File Transfer Protocol (FTP) is widely used within z/OS environments. Most organizations allow FTP operations in their mainframe network because FTP is easy to deploy and use. And most organizations are not aware of how to check which FTP operations are legitimate and which ones carry vital data into the hands of hackers.
Unsecured FTP traffic in organizations
The FTP protocol was designed primarily to communicate and share files, with no provisions for data security. By default, FTP operations cannot handle stringent security requirements, leaving data transfers vulnerable to thefts. This makes FTP an opportunity for hackers to cause data breaches in organizations.
Internal breaches in organizations
A Ponemon Institute study says that 41% of all data breaches occurred in mainframe environments. The study also clarifies that 75% of all data breaches in the U.S. were caused from inside the network.
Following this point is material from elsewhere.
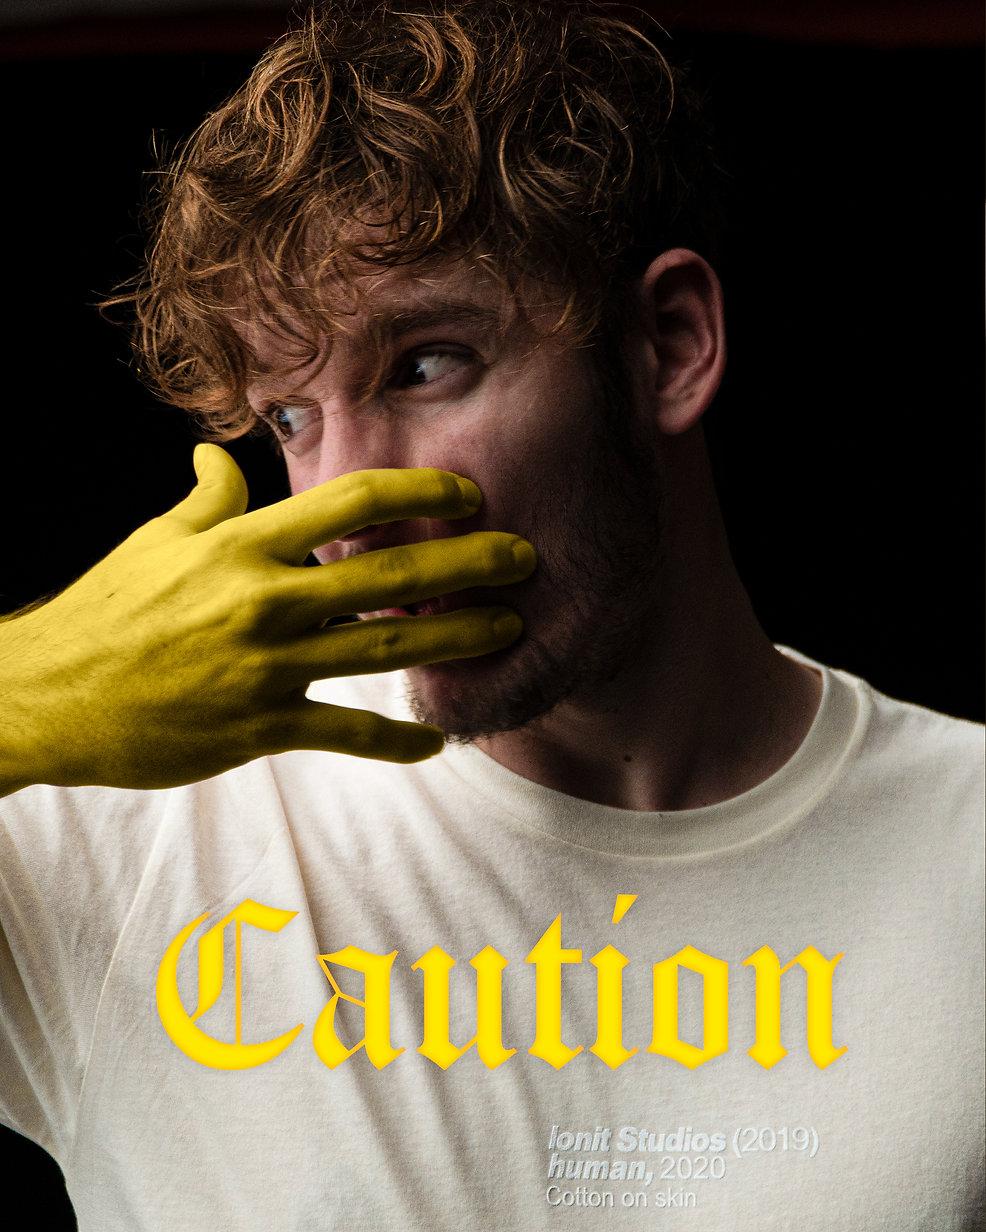 2020-4-4-Caution_01.jpg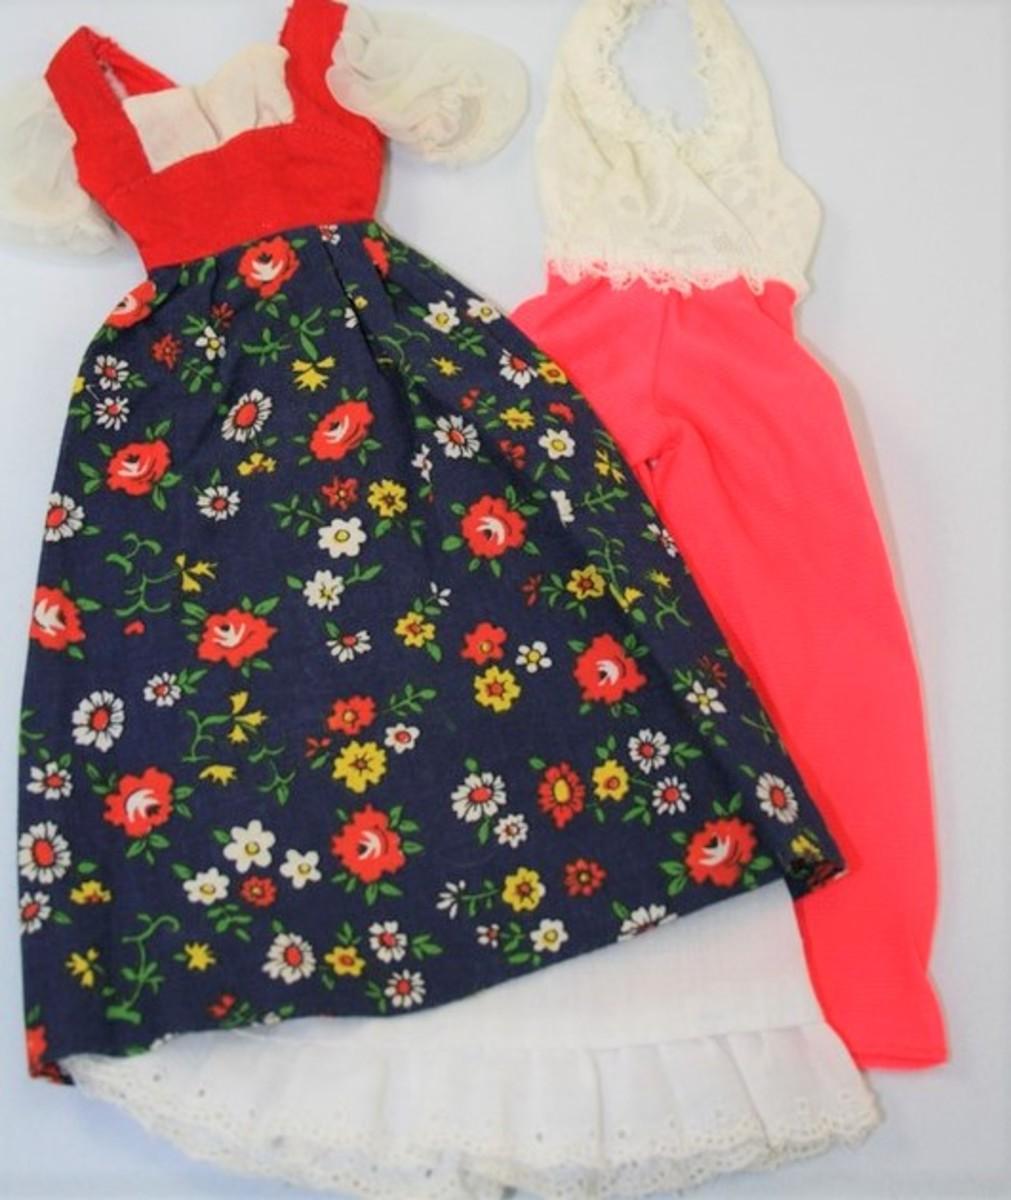 Barbie fashion #7755

Still, many organizations are unaware of the amount of business-critical data getting transferred out of their networks through their unsecured FTP operations. And many organizations assume that data breaches of their networks occur due to external threats.
FTP governance standards
In order to secure their data, organizations need to guard against internal threats more than external ones. They need appropriate mechanisms and tools to control, monitor, and audit their FTP facility to keep the data transfer process secure and compliant. Organizations need to have a defined set of policies with respect to data transfers to and from their mainframe environments, and a proper set of procedures to ensure compliance with those policies. Organizations also need to comply with regulatory standards applicable to their businesses, like the Sarbanes-Oxley Act, the Gramm-Leach-Bliley Act, the PCI DSS (payment card industry data security standard), etc.
Guarding the FTP processes
In order to make FTP secure, organizations require third-party software that not only integrates with the existing z/OS FTP processes smoothly and seamlessly, but also enriches the z/OS system with control, monitoring, and auditing capabilities. The software should log all data access and transmission on the z/OS system. That enables the IT staff to identify who authorized each transfer, who initiated it, who received it, and whether the transmission succeeded. Control, monitoring, and auditing tools need to meet stringent regulatory standards, which will help validate the evidence during any legal case.
Many organizations do not monitor their z/OS FTP traffic due to ignorance. Some may not know that FTP is unsafe, while others may not realize that they can control it using additional tools. Use of mainframe FTP monitoring software enriches the z/OS system with the monitoring and auditing capabilities industry demands, making it more secure.